Background: Current general-purpose vision-language systems mostly follow the generative VLM paradigm: encoding images or videos into visual tokens, which are then fed into a language model alongside text queries to generate answers, descriptions, or explanations via next-token prediction. This approach is straightforward and compatible with the LLM ecosystem, making it mainstream for captioning, VQA, and visual instruction following.

Limitations of Prior Work: The issue lies in the fact that many vision-language tasks do not truly require the model to learn "how to write a specific sentence." For instance, the same video clip could be described as "the lamp is turned off" or "the room goes dark." These sentences are semantically close, yet their token sequences barely overlap. Generative VLM training still expends significant computation fitting these surface-level phrasing differences in discrete token space, focusing on non-task-critical information like word order, style, and synonymous paraphrasing.

Key Challenge: Genuine vision-language understanding requires extracting the correct semantics from visual states and questions, whereas autoregressive language generation couples "semantic understanding" with "token-by-token sentence writing." This coupling is merely a cost issue in offline QA but becomes a latency bottleneck in real-time video streams, where the model must continuously process video but only needs to output text when semantic shifts occur.

Goal: The authors aim to build a general-purpose vision-language model capable of covering captioning, open-vocabulary classification, text-to-video retrieval, and discriminative VQA. The training objective shifts from generating tokens to predicting target answer embeddings in a continuous semantic space; meanwhile, a lightweight text decoder is invoked only when text output is required to translate embeddings back into readable text.

Key Insight: The fundamental idea of JEPA is to "predict the target in representation space" rather than reconstructing raw data. The authors adapt this to vision-language: visual inputs are transformed into visual representations, and target text is transformed into text representations. The predictor learns to map visual representations and queries to the target text representation. Consequently, synonymous answers cluster in the embedding space, allowing the model to fit a smoother, more abstract target distribution.

Core Idea: Replace autoregressive token prediction with target text embedding prediction, shifting the VLM's learning focus from "writing the answer" to "predicting answer semantics," and then decoding semantic embeddings into text on demand.

Method¶

Overall Architecture¶

The training samples for VL-JEPA are triplets \(\langle X_V, X_Q, Y \rangle\): \(X_V\) represents the image or video frames, \(X_Q\) is the text query, and \(Y\) is the target text answer. The model uses an X-Encoder to obtain visual embeddings \(S_V\) and a Y-Encoder for target text embeddings \(S_Y\). The Predictor then predicts \(\hat{S}_Y\) conditioned on the query. The training loss directly compares \(\hat{S}_Y\) with \(S_Y\), rather than comparing the generated text \(\hat{Y}\) with the original answer \(Y\).

During inference, VL-JEPA supports two modes. For open-ended generation or captioning, the predicted \(\hat{S}_Y\) is passed to the Y-Decoder to be read as text. For classification, retrieval, or discriminative VQA, candidate texts are encoded into embeddings, and nearest-neighbor matching is performed directly in the embedding space without generating any tokens.

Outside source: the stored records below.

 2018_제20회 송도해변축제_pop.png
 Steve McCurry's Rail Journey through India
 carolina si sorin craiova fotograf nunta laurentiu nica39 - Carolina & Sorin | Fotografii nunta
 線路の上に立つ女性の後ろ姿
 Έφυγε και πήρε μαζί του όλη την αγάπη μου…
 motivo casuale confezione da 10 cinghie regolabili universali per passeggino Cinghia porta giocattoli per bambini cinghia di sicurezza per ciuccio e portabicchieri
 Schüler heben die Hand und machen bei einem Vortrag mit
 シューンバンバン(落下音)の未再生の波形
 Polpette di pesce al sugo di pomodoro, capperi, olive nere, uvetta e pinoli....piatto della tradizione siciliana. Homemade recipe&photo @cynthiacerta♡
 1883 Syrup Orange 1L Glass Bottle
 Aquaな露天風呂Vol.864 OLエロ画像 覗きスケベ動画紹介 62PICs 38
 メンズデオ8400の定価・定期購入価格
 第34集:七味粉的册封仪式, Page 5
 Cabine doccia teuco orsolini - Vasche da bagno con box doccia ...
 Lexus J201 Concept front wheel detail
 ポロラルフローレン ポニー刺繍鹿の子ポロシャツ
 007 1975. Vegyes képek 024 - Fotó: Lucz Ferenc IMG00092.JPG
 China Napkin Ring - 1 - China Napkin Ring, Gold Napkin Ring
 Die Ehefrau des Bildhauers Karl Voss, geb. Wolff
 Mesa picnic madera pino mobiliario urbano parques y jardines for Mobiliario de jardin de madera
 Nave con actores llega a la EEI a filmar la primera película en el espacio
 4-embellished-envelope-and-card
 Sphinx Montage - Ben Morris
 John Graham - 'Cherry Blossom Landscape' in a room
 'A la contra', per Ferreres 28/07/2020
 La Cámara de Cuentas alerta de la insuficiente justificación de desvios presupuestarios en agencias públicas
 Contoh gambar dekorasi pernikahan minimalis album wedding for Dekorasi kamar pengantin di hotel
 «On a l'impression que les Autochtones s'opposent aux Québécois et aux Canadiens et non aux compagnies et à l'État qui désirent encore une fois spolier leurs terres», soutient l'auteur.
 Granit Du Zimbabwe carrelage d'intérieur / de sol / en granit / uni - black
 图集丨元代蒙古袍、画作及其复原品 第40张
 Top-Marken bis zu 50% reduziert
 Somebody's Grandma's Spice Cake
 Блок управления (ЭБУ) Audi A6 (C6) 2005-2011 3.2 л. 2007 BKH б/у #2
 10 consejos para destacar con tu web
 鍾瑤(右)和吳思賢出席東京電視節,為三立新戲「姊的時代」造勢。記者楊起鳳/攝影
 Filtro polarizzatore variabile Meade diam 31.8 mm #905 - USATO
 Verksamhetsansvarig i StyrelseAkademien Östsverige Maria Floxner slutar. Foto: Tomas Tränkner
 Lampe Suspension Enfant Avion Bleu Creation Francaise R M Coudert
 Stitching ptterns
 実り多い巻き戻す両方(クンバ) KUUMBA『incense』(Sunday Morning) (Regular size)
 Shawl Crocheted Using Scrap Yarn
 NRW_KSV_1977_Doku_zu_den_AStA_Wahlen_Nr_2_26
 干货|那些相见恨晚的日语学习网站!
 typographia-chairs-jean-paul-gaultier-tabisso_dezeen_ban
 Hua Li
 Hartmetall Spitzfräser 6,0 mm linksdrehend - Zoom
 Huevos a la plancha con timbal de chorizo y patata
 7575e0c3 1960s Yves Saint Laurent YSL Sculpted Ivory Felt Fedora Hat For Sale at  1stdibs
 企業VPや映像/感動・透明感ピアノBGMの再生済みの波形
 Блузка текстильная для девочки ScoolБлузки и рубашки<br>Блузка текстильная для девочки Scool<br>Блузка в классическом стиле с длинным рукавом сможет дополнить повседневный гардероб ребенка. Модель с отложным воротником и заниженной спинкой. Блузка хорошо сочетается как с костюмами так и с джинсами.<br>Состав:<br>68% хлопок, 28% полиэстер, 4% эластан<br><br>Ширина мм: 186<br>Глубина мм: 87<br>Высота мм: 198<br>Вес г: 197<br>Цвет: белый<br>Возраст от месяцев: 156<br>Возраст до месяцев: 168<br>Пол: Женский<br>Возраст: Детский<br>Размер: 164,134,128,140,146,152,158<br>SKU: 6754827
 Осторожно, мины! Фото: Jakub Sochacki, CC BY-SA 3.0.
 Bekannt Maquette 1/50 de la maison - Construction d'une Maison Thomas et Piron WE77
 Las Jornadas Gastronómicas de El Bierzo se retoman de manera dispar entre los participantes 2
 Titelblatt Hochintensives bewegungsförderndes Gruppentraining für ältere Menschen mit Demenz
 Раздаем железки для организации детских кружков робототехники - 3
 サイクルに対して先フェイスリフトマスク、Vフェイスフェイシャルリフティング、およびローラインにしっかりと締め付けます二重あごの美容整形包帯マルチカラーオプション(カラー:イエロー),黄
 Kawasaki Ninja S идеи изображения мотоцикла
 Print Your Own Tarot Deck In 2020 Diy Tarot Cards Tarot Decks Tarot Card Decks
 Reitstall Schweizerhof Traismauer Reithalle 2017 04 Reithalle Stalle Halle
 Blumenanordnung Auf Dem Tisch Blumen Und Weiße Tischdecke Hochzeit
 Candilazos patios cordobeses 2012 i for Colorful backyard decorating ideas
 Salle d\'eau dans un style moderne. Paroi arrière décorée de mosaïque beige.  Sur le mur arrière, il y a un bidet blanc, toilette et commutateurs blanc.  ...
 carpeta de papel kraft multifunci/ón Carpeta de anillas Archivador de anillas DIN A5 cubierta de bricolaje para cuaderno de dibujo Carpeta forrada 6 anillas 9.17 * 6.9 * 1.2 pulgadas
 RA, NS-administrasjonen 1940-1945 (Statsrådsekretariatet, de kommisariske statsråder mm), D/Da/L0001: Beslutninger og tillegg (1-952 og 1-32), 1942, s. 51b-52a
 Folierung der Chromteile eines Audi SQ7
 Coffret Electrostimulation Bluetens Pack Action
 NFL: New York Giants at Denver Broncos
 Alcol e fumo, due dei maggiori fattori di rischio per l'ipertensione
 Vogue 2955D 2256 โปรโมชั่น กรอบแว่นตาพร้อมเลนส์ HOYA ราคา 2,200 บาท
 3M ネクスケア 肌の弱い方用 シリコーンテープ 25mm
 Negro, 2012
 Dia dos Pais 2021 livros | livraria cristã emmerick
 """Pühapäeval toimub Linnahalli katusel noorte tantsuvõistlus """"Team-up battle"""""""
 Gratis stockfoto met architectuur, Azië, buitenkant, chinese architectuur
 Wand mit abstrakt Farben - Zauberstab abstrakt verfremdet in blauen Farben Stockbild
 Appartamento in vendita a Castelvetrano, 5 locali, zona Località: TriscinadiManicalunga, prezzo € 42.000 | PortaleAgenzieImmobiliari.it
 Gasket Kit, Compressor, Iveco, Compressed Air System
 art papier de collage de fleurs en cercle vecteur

For online video streams, the model can output a continuous sequence of \(\hat{S}_Y\) and trigger text decoding only when significant semantic shifts are detected in the embeddings.

%%{init: {'flowchart': {'rankSpacing': 24, 'nodeSpacing': 28, 'padding': 6, 'wrappingWidth': 400}}}%%
flowchart TD
    A["Visual Input + Text Query"] --> B["Continuous Target Representation Prediction<br/>Replacing Token Generation"]
    B --> C["Unified Embedding Interface<br/>Covering Multiple Task Types"]
    C --> D["Two-stage Training<br/>Alignment first, then VQA"]
    D --> E["Embedding-guided<br/>Selective Decoding"]
    E --> F["Text Output / Classification<br/>Retrieval / VQA"]

Key Designs¶

1. Continuous Target Representation Prediction: Compressing Answers from Token Distribution to Semantic Space

Traditional VLMs optimize \(L_{VLM}=D(\hat{Y},Y)\), predicting the ground truth text token-by-token. VL-JEPA optimizes \(L_{VL\text{-}JEPA}=D(\hat{S}_Y,S_Y)\), predicting the continuous embedding of the target text. This change fundamentally alters the shape of the distribution the model learns: in discrete token space, semantically equivalent but differently phrased answers might be orthogonal; in embedding space, they cluster within the same semantic region.

This is particularly crucial for vision-language tasks where "correctness" does not depend on a unique expression. The model doesn't need to learn every surface form of acceptable answers, only to predict close to the correct semantics. Controlled experiments verify this: using the same visual encoder, data, batch size, and training steps, the embedding-predicting VL-JEPA improves faster than the token-predicting VLM. At 15M samples seen, VL-JEPA achieves an average CIDEr of 14.8 for captioning, while the VLM only reaches 7.1; Top-5 classification also improves from 27.2% for VLM to 41.0%.

2. Unified Embedding Interface: One Architecture for Generation, Classification, Retrieval, and Discriminative VQA

Instead of splitting each task into independent heads, VL-JEPA reformulates tasks as "predicting the relationship between predicted and candidate embeddings." For generation, the query is a caption prompt or question, and the Predictor outputs the answer embedding, which the Y-Decoder decodes into text. For open-vocabulary classification, category names are encoded into candidate embeddings, and the model selects the category closest to \(\hat{S}_Y\). For text-to-video retrieval, a retrieval-style caption prompt is used to obtain video-side predicted embeddings, which are then ranked against text query embeddings.

While this unified interface simplifies the architecture, it makes the system performance upper-bounded by the Y-Encoder quality. The paper specifically evaluates the Y-Encoder on SugarCrepe++ and VISLA hard-negative text benchmarks. The text encoder of VL-JEPA_BASE reaches 63.9% on SugarCrepe++ and 42.9% on VISLA, outperforming strong baselines like PE-Core or SigLIP2, indicating that JEPA training makes the target text space more sensitive to fine-grained semantic differences.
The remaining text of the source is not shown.